After shelling Point 7229 and the ring contour for thirty minutes, Major Ghulam Rasul Raja, whose advance was hindered by a single Indian machine gun position, decided to approach it from the southwest, targeting their rear from the vantage point of the nearby village of Chilean. The logistics of the move took several hours to arrange. Meanwhile, A Company had managed to capture part of the Indian defenses. By night time, the Pakistani B company reached the Indian positions. After intense hand-to-hand combat and heavy Indian casualties, the Pakistanis captured Point 6953. The Indian force abandoned their positions and lost 30 dead and 13 prisoners. After receiving no fire support from their deeper positions, the remaining Indian troops surrendered.

=== Capture of Point 7229 ===
An Indian platoon ordered to backup the ring contour was engaged by Pakistani troops and shelling.
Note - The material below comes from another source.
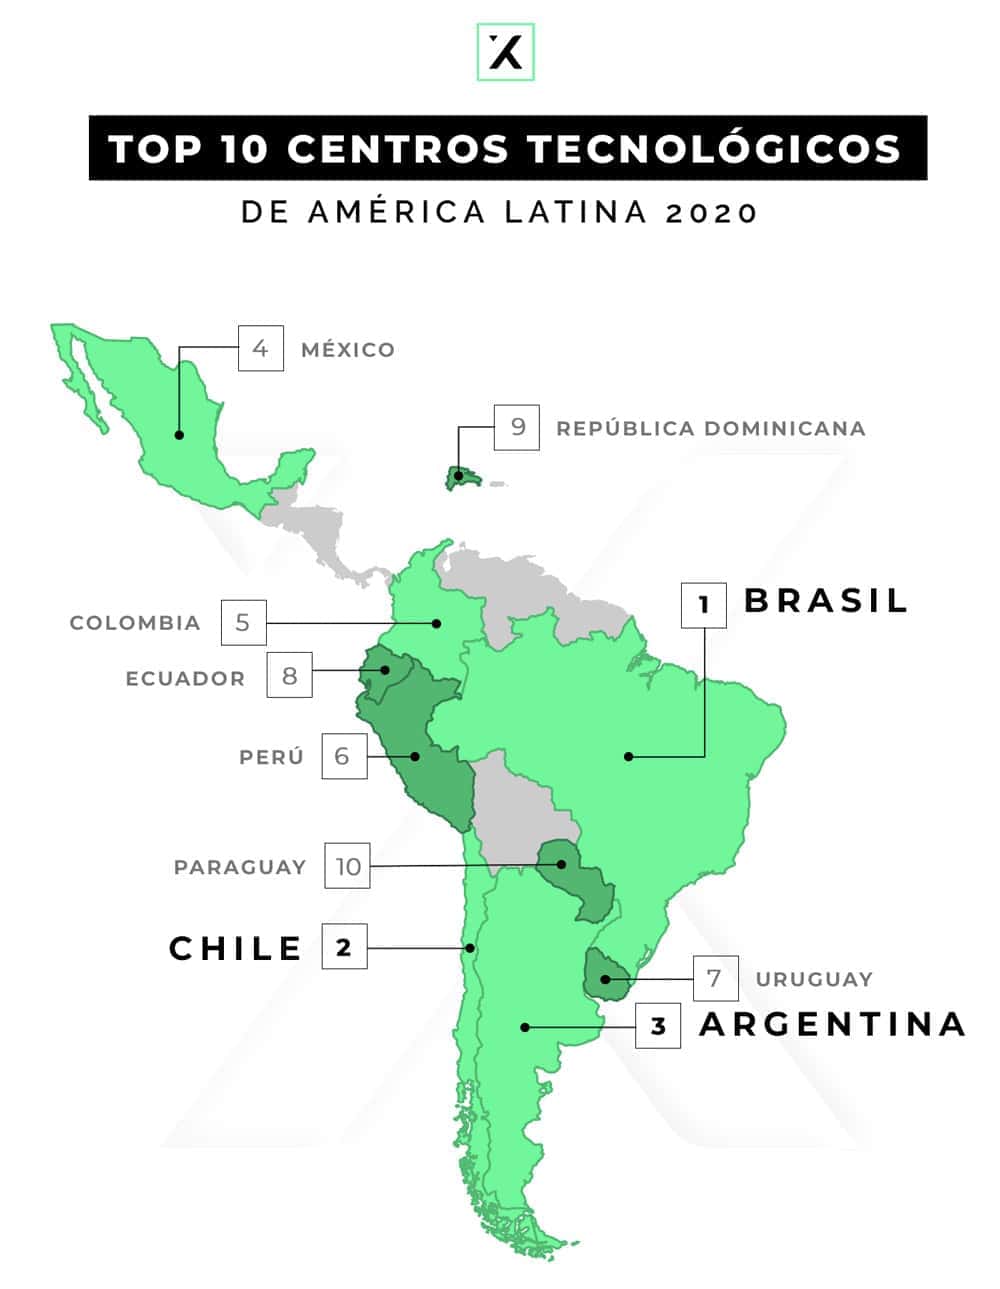 top 10 hubs de tecnología en américa latina en 2020
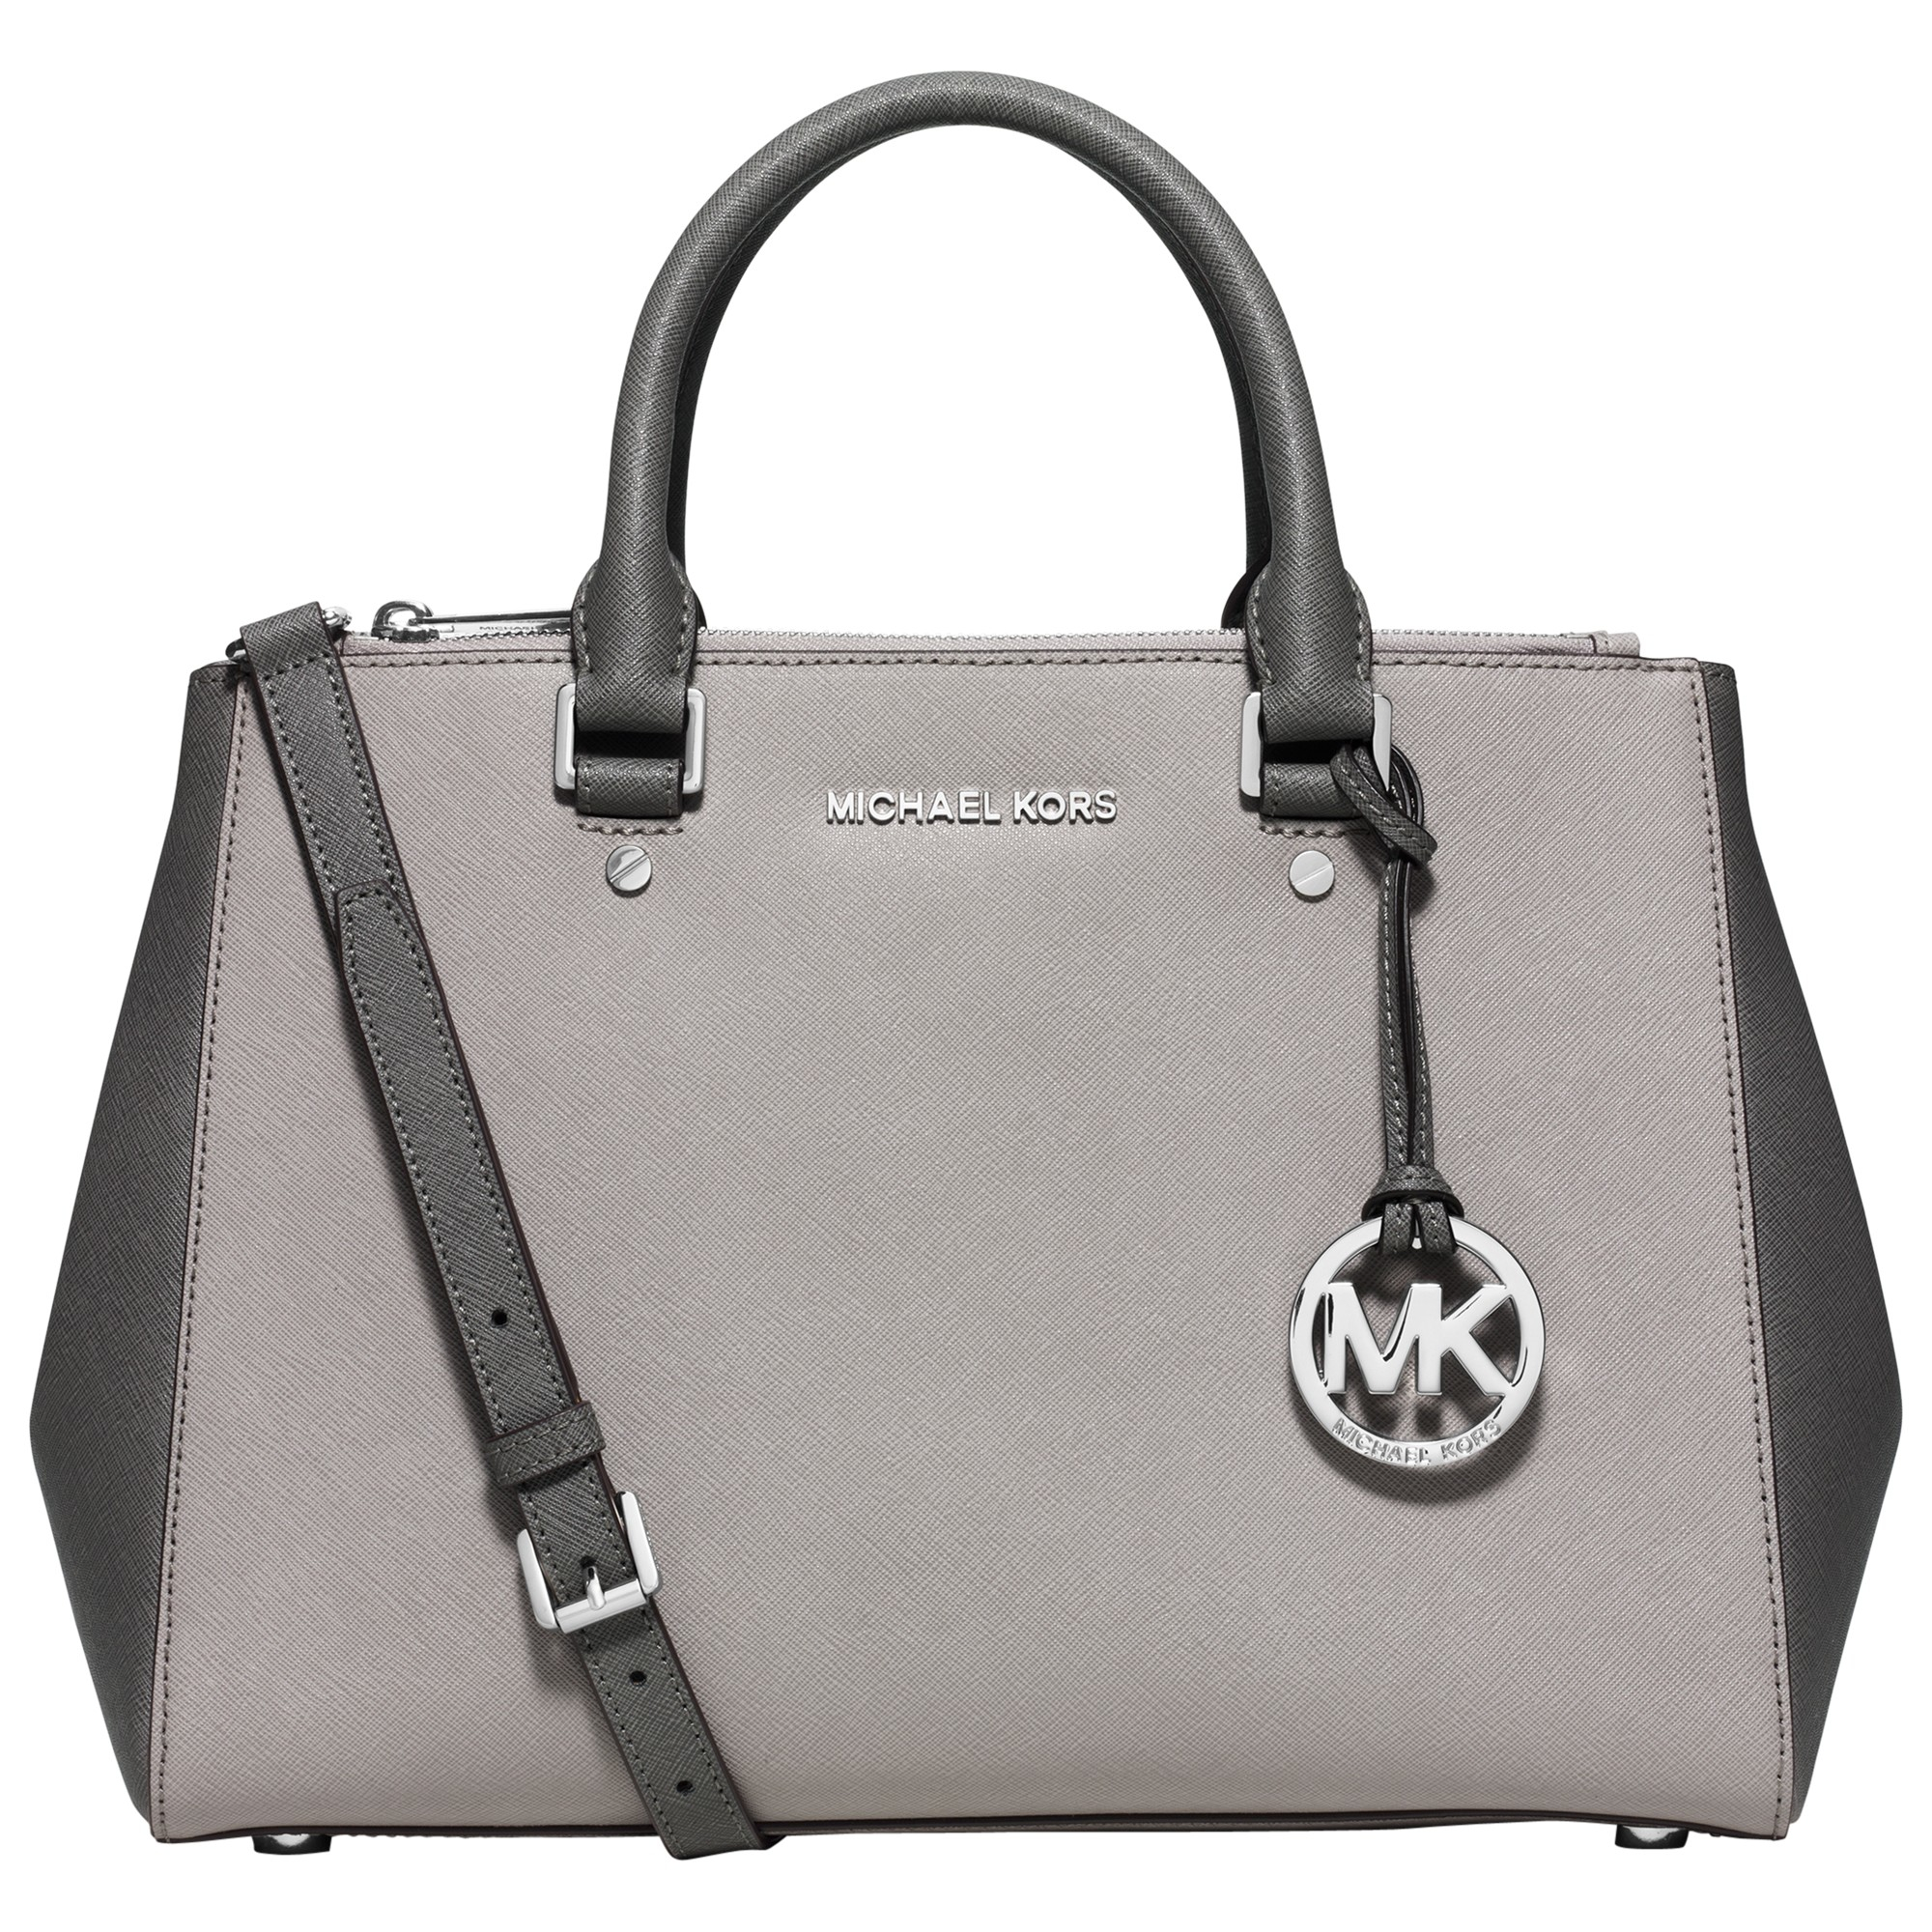 MICHAEL Michael Kors Sutton Medium Leather Satchel Bag in Grey (Grey) - Lyst

Meanwhile, the Indian machine gun section at Point 7229 gave cover to the force which retreated to a false crest. Pakistani forces used deception to capitalize on Indian concerns about an impending counterattack on the Keran position. Two companies of the Indian forces were given orders to attack Shardi on 7 July and set off for this mission on 8 July. After they were informed that the ring contour had been captured, they returned to their previous positions by 9 July.

On 9 July, D and C Companies advanced to initiate the second phase of the Pakistani operation. Orders were given which indicated that Point 7229 had been evacuated and both companies were to advance immediately. The Indian forces, in a state of panic, blew up the bridge located at Tithwal while retreating across the Neelum. The Pakistani unit requested permission to pursue the retreating Indian troops across the river, but the request was denied. The Indian forces planned a counter-attack to retake the ring contour and requested an airstrike on the Pakistani position. However, the airstrike did not materialize.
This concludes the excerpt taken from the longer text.